About 360 faculty members and their research groups have access to the HiPerGator supercomputer, with the total number of users amounting to 1,300. UF spent about $3.4 million on the first HiPerGator, which was built by UF researchers, Dell, Terascala, Mellanox and AMD. The supercomputer has 16,384 processing cores and is one of the top 500 supercomputers in the world.

The development of a second HiPerGator supercomputer will be an acquisition the university will fund, Deumens said. Faculty will also use their grants to buy pieces of it in order for the university to recover their funds.

The creation of a second supercomputer will be an important addition to UF’s preeminence plan, which Deumens said has been a strong selling point in hiring new researchers.

“From the feedback of many people we’ve hired, almost all of them were very impressed with the infrastructure that UF had in place,” he said.

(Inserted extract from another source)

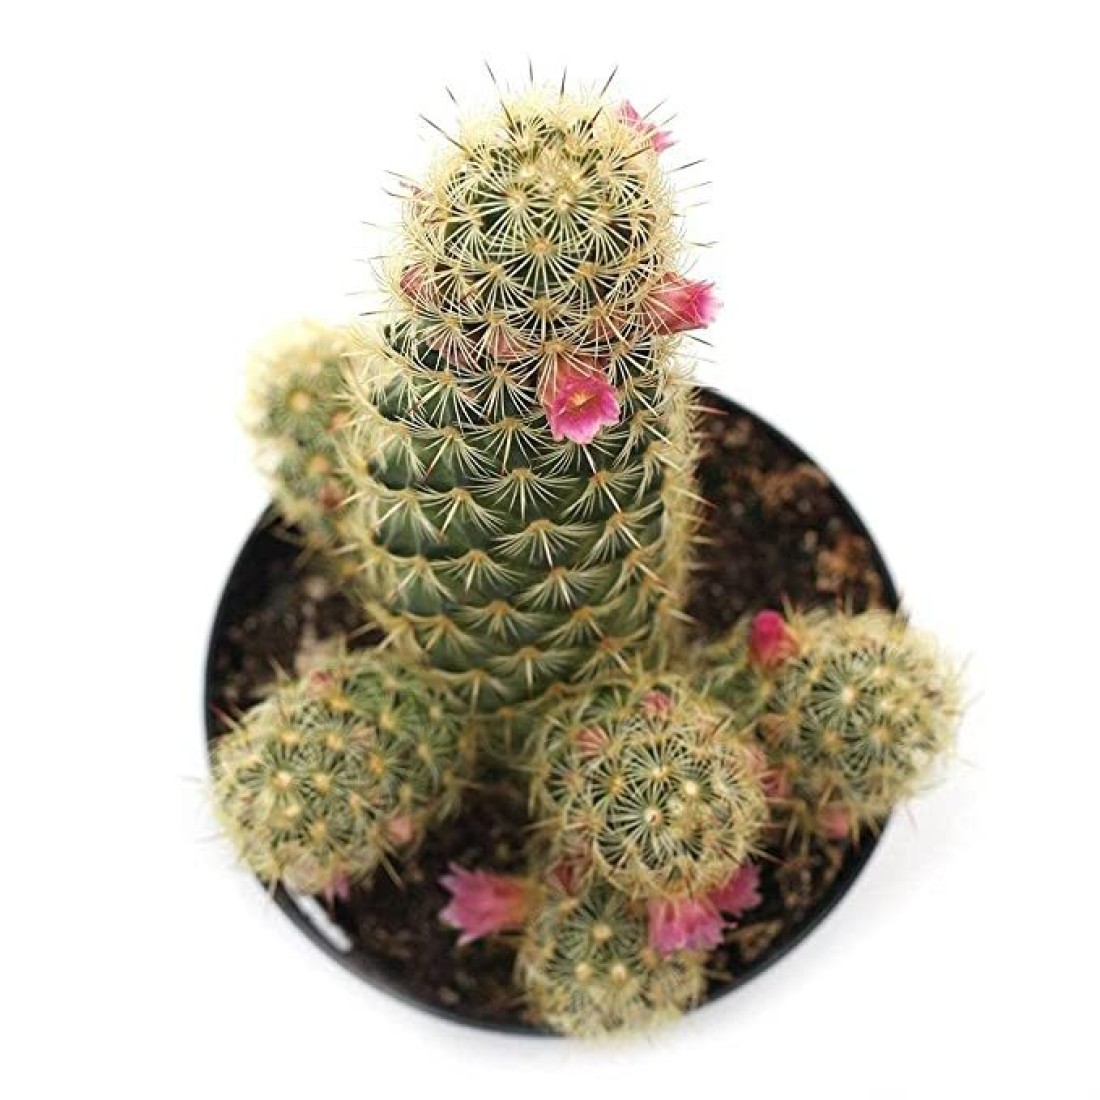 Mammillaria ELONGATA (Lady fingers) cactus plant

About 20 new researchers who have been hired made their decision to work at the university based on the HiPerGator, and several more negotiations for new staff are still in progress, he said. Some of the UF research projects using the supercomputer include predicting political elections from data gathered before citizens vote to processing the impact of HIV on the human brain. Once the second HiPerGator launches in June, researchers will continue to use the original supercomputer until its four-year lifespan expires.

Michael Elliot, a UF computer engineering junior, said he’s excited to see the how UF’s research projects turn out with the help of the HiPerGator supercomputer.

“It’s not every day that you hear about a supercomputer existing on campus,” said Elliot. “I think it’s probably even rarer to hear about two of them in one place. I think that’s pretty special.”